Thanks to Mark Guzdial’s Computing Education blog, specifically this post, I recently found out about the Raspberry Pi, a Linux board that is retailing for $35, with 256Mb RAM, 2 USB ports, an Ethernet port, and both RCA and HDMI video output (no VGA though an adapter can be had for ).  The system on a chip they are using

is a Broadcom BCM2835. This contains an ARM1176JZFS, with floating point, running at 700Mhz, and a Videocore 4 GPU. The GPU is capable of BluRay quality playback, using H.264 at 40MBits/s. It has a fast 3D core accessed using the supplied OpenGL ES2.0 and OpenVG libraries.

The GPU provides Open GL ES 2.0, hardware-accelerated OpenVG, and 1080p30 H.264 high-profile decode.

The GPU is capable of 1Gpixel/s, 1.5Gtexel/s or 24 GFLOPs of general purpose compute and features a bunch of texture filtering and DMA infrastructure.

That is, graphics capabilities are roughly equivalent to Xbox 1 level of performance. Overall real world performance is something like a 300MHz Pentium 2, only with much, much swankier graphics.

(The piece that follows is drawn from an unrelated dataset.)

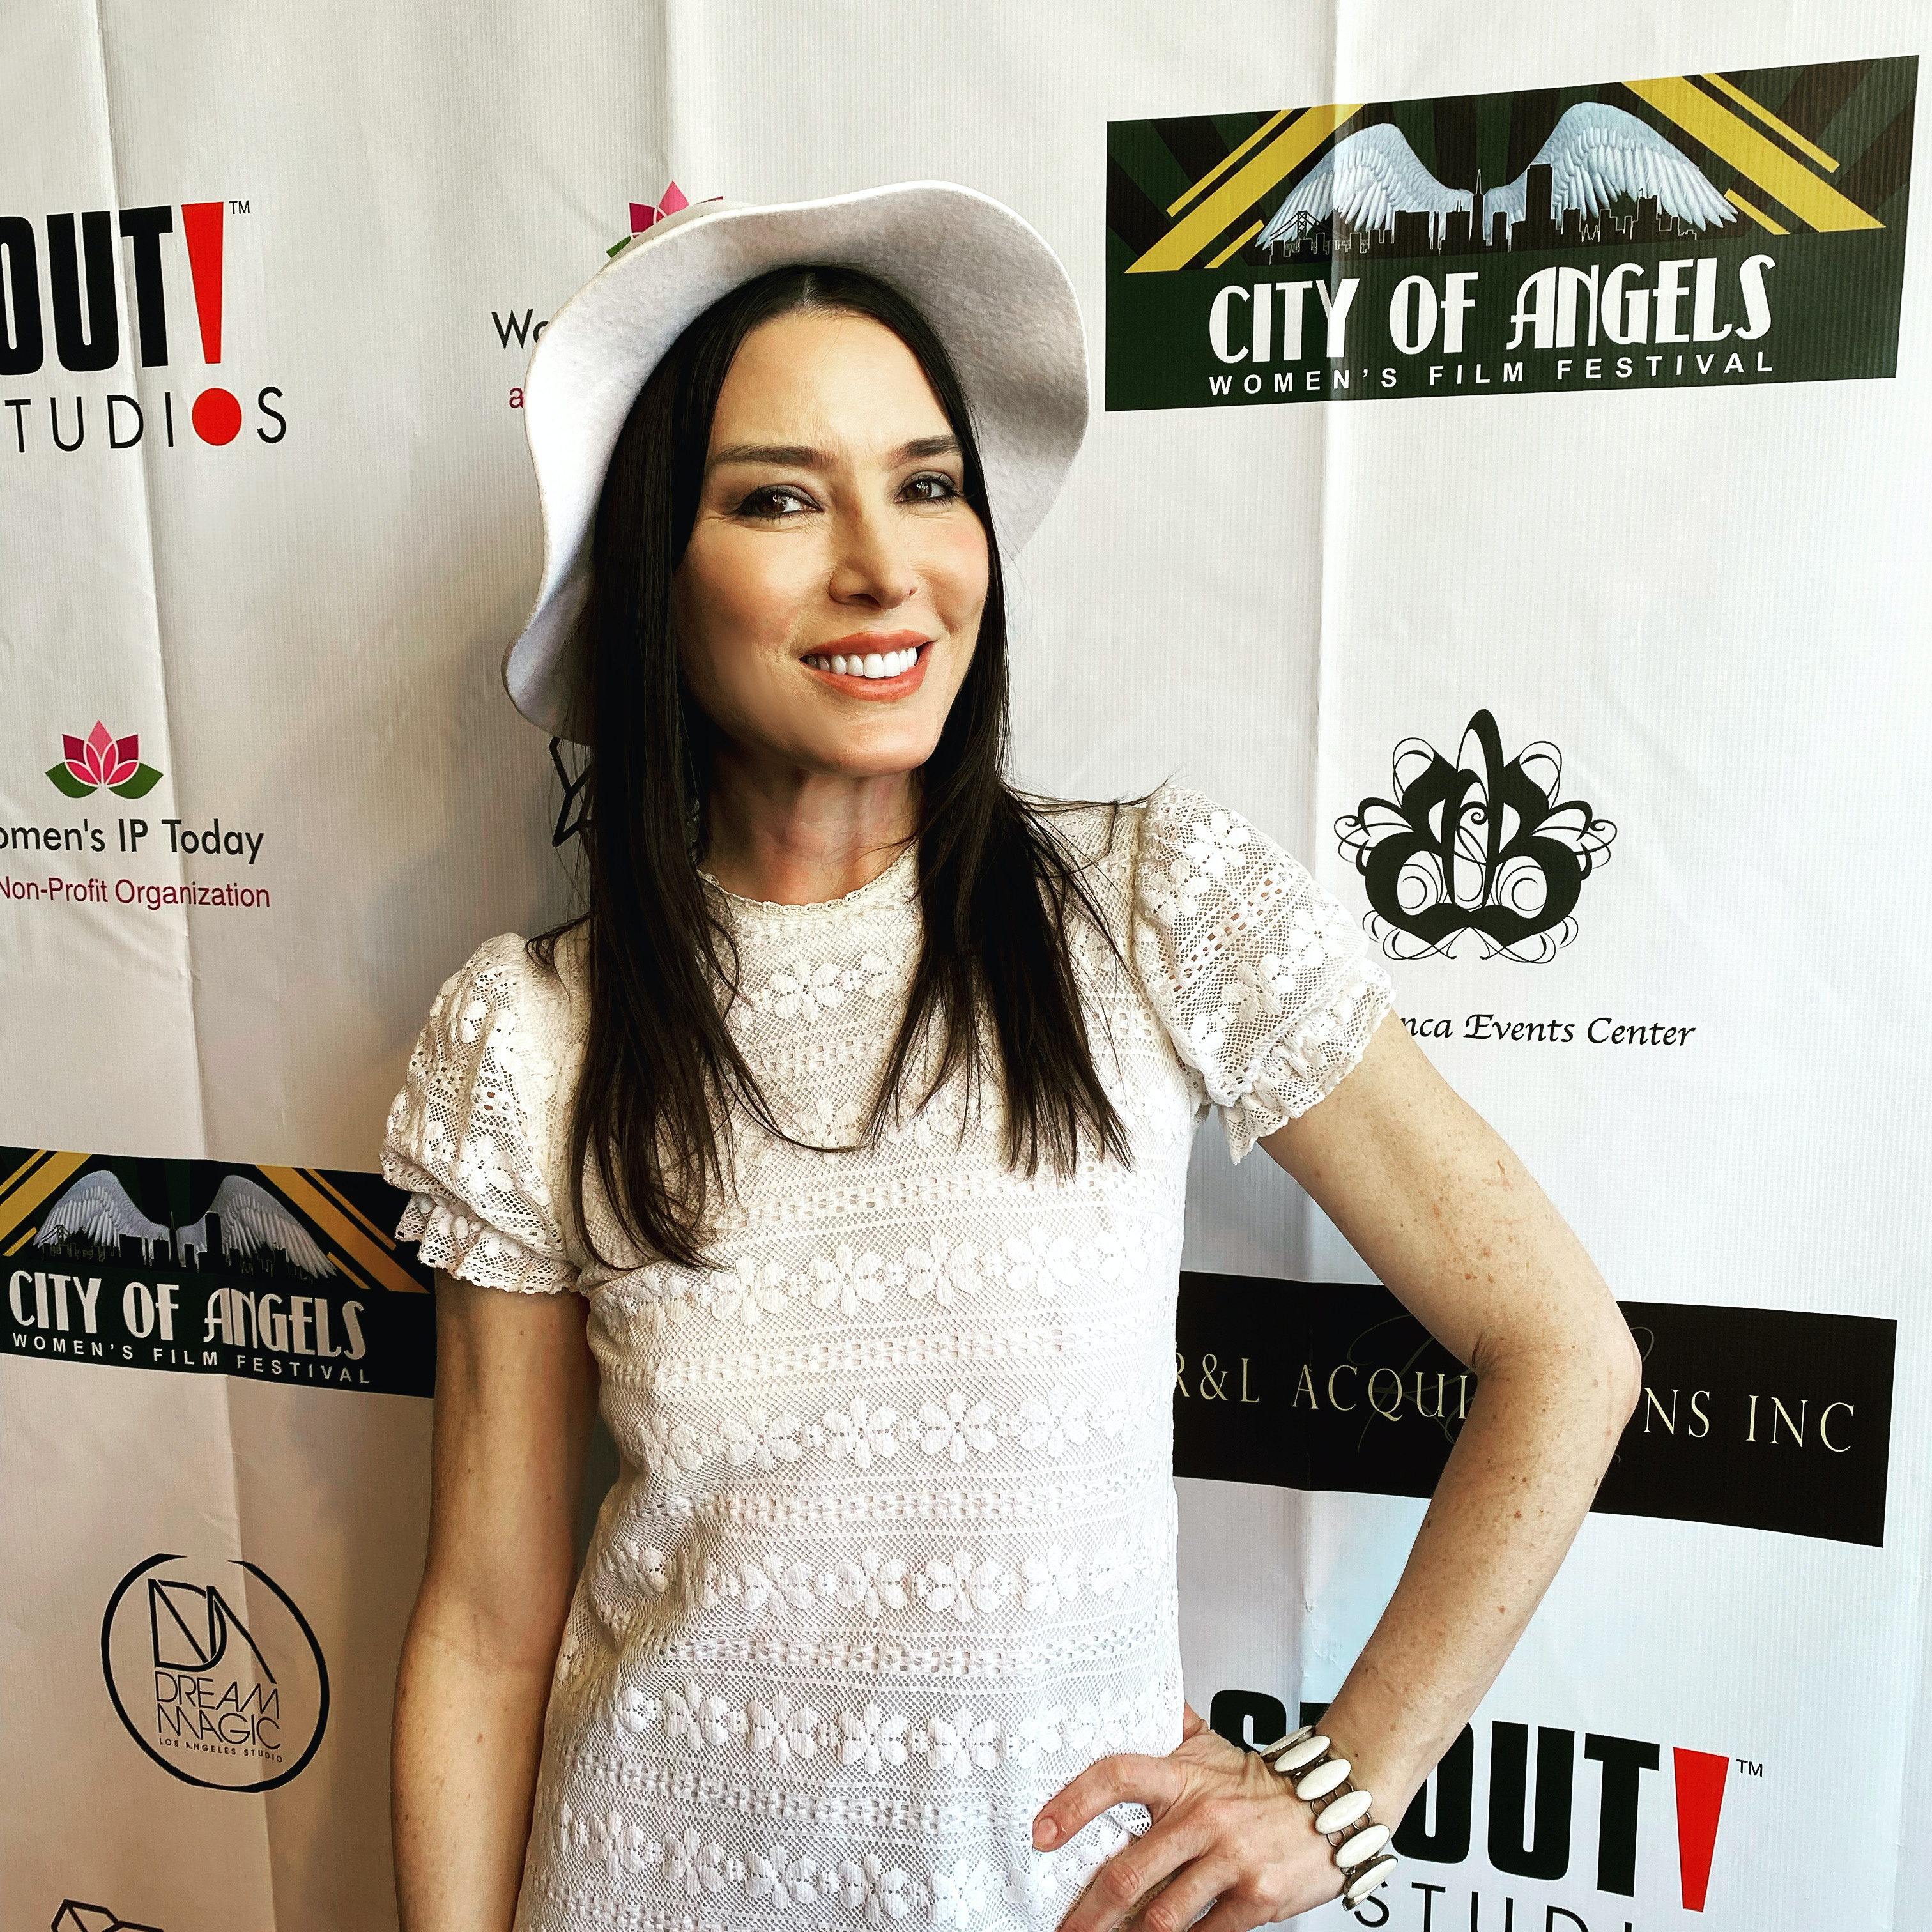 In Conversation With City Of Angels Women's Film Festival Founder Lisa K. Crosato

This board seems to be at least 50 times as much processing and 8000 times as much memory as an Arduino for a similar price.  You need to add an SD card to boot off of (I presume with a Linux system on the card), which raises the price by another $15–35 depending on how big a flash card you get (I’m assuming that 16gB or 32gB is about the right size—a smaller drive would be much cheaper).

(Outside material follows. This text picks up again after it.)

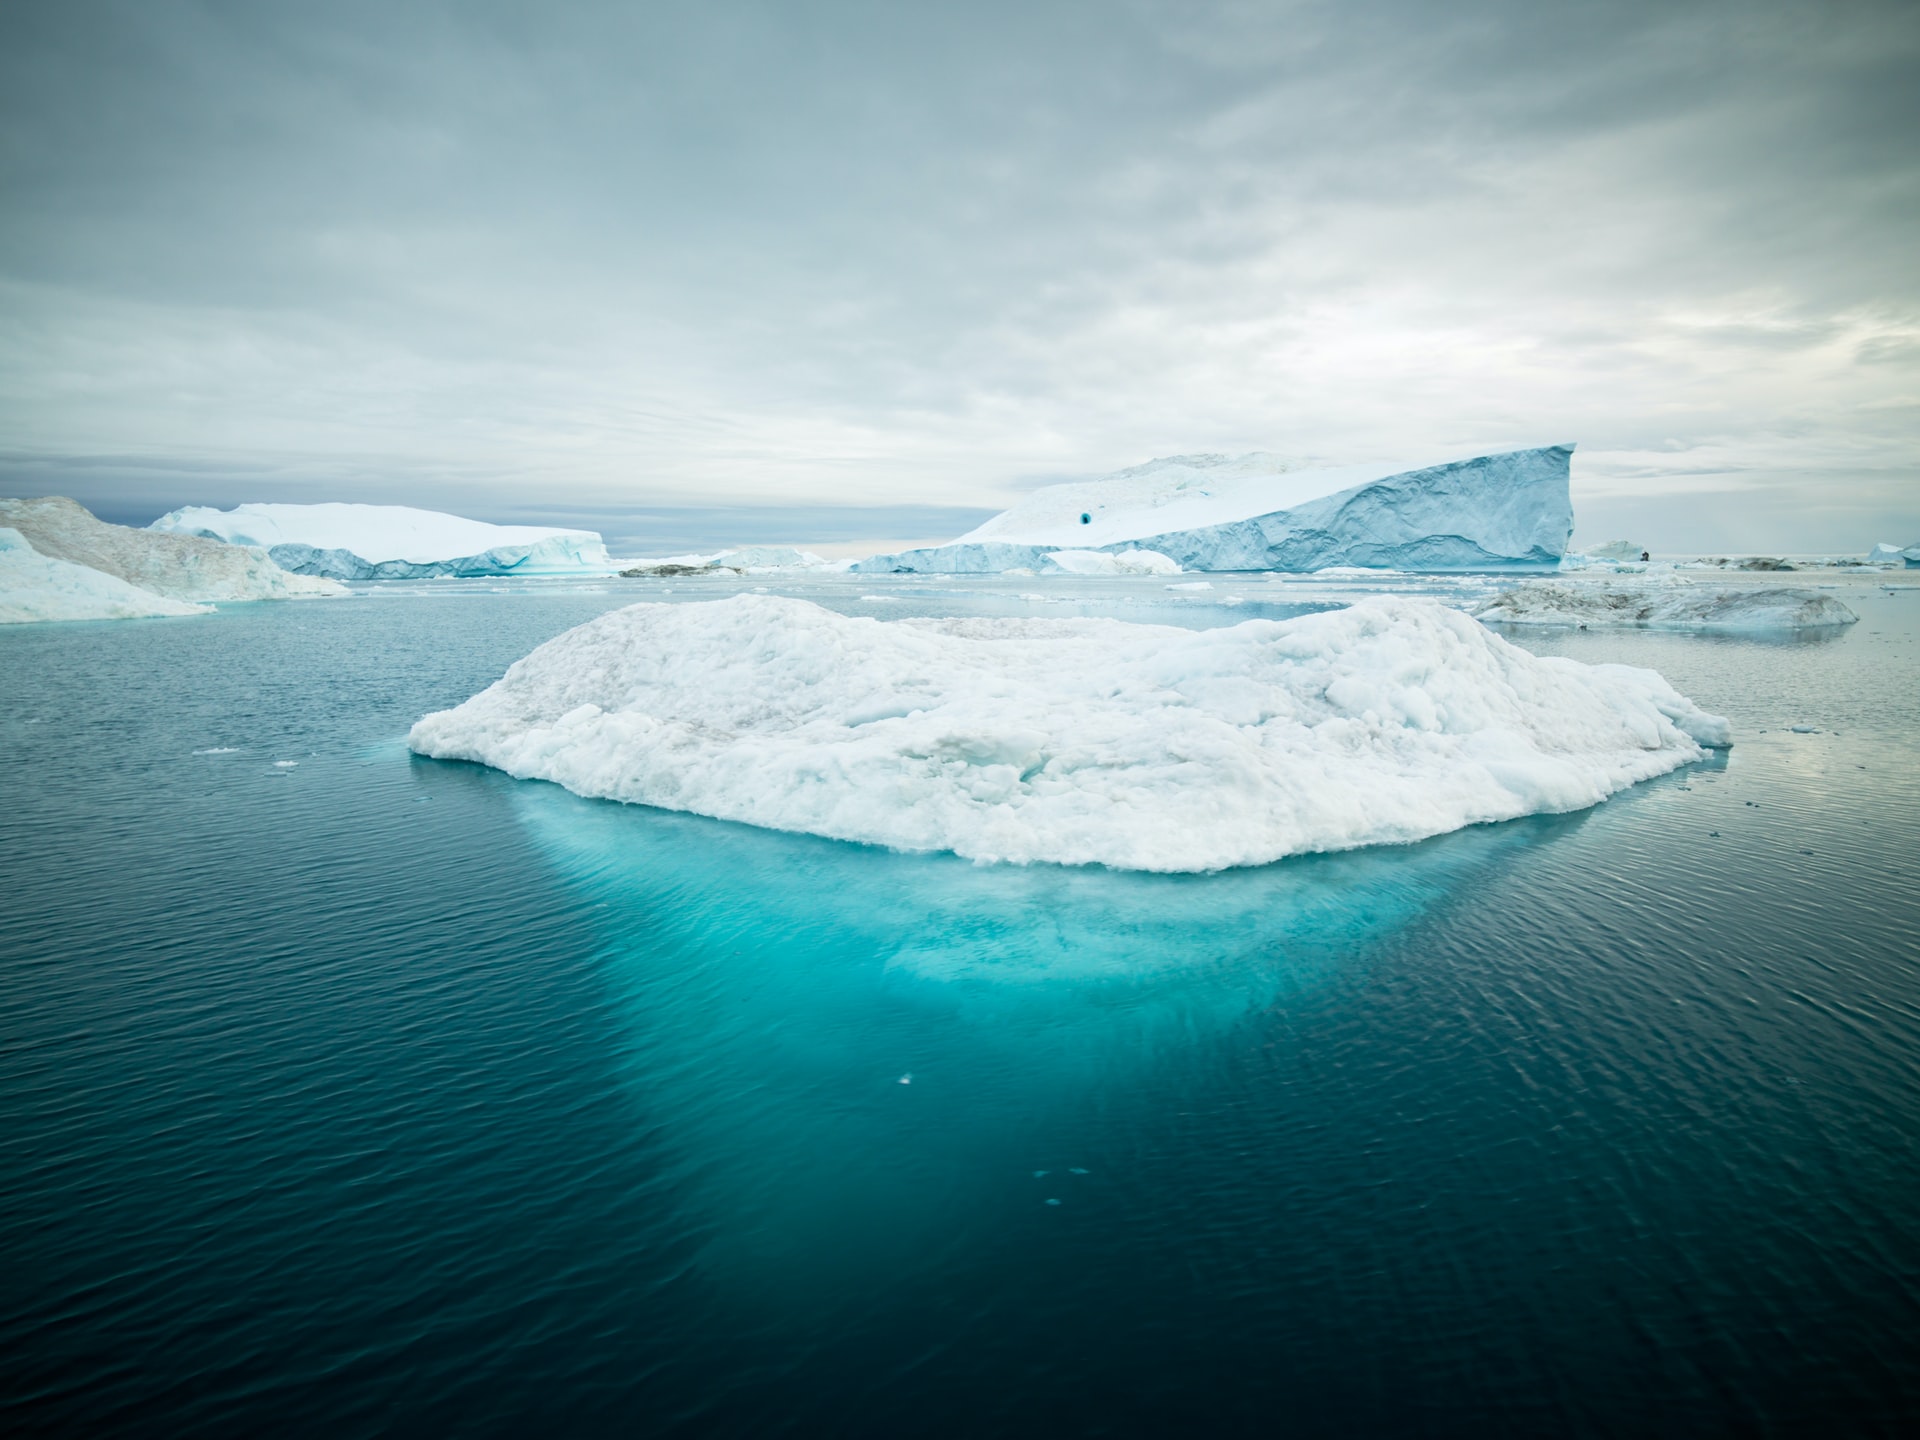 Surviving at the bottom of the iceberg

There appear to be 26 general-purpose I/O pins, so I can see this processor becoming quite popular for higher-end robotics.  With the ethernet connection, it may become popular for providing small LAMP (Linux-Apache-MySQL-PhP) servers, as long as everything can fit on the SD drive.  It has an audio-out port, but you’d have to use a USB microphone to get audio in.  The board can be powered over the USB line, or through a separate power port.

The default Linux is Fedora, but Debian and ArchLinux will also be supported.  The Linux can be downloaded and put on an SD, or the SD flash cards can be bought preloaded.

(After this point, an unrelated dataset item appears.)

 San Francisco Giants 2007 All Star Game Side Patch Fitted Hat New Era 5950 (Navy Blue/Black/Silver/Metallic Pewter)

This looks like a potentially very useful educational toy—cheap enough to mess around with and easy to start over from scratch (just write a new copy of the Linux onto an SD card).  The only problem I can see is that Linux makes getting access to the I/O ports much harder than it needs to be, but I suspect that the developers have already written drivers and Python modules for accessing the I/O pins, so this may not be a problem.  They plan to make Python the main development language for the Raspberry Pi (Python is slow, but even with interpreter overhead the chip would still be faster than an Arduino), but any language that has a compiler for the ARMv6 should work.  I assume that Pyrex would be available for speeding up inner loops.

I may have to look into designing a motor shield for the Raspberry Pi, so that we can do robotics with Python programming!